The task
Where the records below show a line containing "Seamless shipping service", start copying; end with the line containing "Roman civilization in Romania", and copy it too.

Items from a data source
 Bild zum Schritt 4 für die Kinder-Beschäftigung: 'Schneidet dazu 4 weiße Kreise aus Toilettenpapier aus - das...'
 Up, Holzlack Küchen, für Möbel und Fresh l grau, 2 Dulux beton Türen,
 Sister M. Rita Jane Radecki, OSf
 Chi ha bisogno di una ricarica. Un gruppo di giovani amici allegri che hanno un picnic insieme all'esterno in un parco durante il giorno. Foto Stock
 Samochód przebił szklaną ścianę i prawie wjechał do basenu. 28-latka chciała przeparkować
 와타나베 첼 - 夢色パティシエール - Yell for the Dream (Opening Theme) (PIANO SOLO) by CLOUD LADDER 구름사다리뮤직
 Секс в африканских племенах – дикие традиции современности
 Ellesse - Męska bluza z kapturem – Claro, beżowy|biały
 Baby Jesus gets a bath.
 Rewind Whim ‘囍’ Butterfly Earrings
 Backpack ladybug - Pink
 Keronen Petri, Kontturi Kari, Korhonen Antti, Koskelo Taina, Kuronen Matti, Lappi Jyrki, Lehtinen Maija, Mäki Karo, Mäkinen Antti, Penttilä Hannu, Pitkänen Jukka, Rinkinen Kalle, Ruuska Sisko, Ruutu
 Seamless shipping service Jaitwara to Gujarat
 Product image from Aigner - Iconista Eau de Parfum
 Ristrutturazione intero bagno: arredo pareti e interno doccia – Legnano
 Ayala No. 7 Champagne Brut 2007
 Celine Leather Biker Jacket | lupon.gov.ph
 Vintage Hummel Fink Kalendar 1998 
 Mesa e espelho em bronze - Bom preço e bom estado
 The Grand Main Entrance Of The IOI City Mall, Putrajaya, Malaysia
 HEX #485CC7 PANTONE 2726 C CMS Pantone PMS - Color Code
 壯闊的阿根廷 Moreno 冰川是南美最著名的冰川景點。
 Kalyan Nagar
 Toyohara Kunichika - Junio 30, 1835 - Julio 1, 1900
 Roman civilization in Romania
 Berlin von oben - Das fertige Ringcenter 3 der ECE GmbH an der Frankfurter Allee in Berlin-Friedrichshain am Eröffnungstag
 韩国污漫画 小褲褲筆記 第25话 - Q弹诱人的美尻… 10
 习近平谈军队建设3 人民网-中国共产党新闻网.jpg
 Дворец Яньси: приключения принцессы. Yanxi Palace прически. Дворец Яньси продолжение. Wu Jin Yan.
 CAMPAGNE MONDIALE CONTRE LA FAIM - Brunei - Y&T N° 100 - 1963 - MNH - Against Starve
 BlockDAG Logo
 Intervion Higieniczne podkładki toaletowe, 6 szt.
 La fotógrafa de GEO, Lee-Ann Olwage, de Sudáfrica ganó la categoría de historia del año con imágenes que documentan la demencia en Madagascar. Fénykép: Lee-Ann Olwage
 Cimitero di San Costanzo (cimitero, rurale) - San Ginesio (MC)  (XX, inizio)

Response below
 Seamless shipping service Jaitwara to Gujarat
 Product image from Aigner - Iconista Eau de Parfum
 Ristrutturazione intero bagno: arredo pareti e interno doccia – Legnano
 Ayala No. 7 Champagne Brut 2007
 Celine Leather Biker Jacket | lupon.gov.ph
 Vintage Hummel Fink Kalendar 1998 
 Mesa e espelho em bronze - Bom preço e bom estado
 The Grand Main Entrance Of The IOI City Mall, Putrajaya, Malaysia
 HEX #485CC7 PANTONE 2726 C CMS Pantone PMS - Color Code
 壯闊的阿根廷 Moreno 冰川是南美最著名的冰川景點。
 Kalyan Nagar
 Toyohara Kunichika - Junio 30, 1835 - Julio 1, 1900
 Roman civilization in Romania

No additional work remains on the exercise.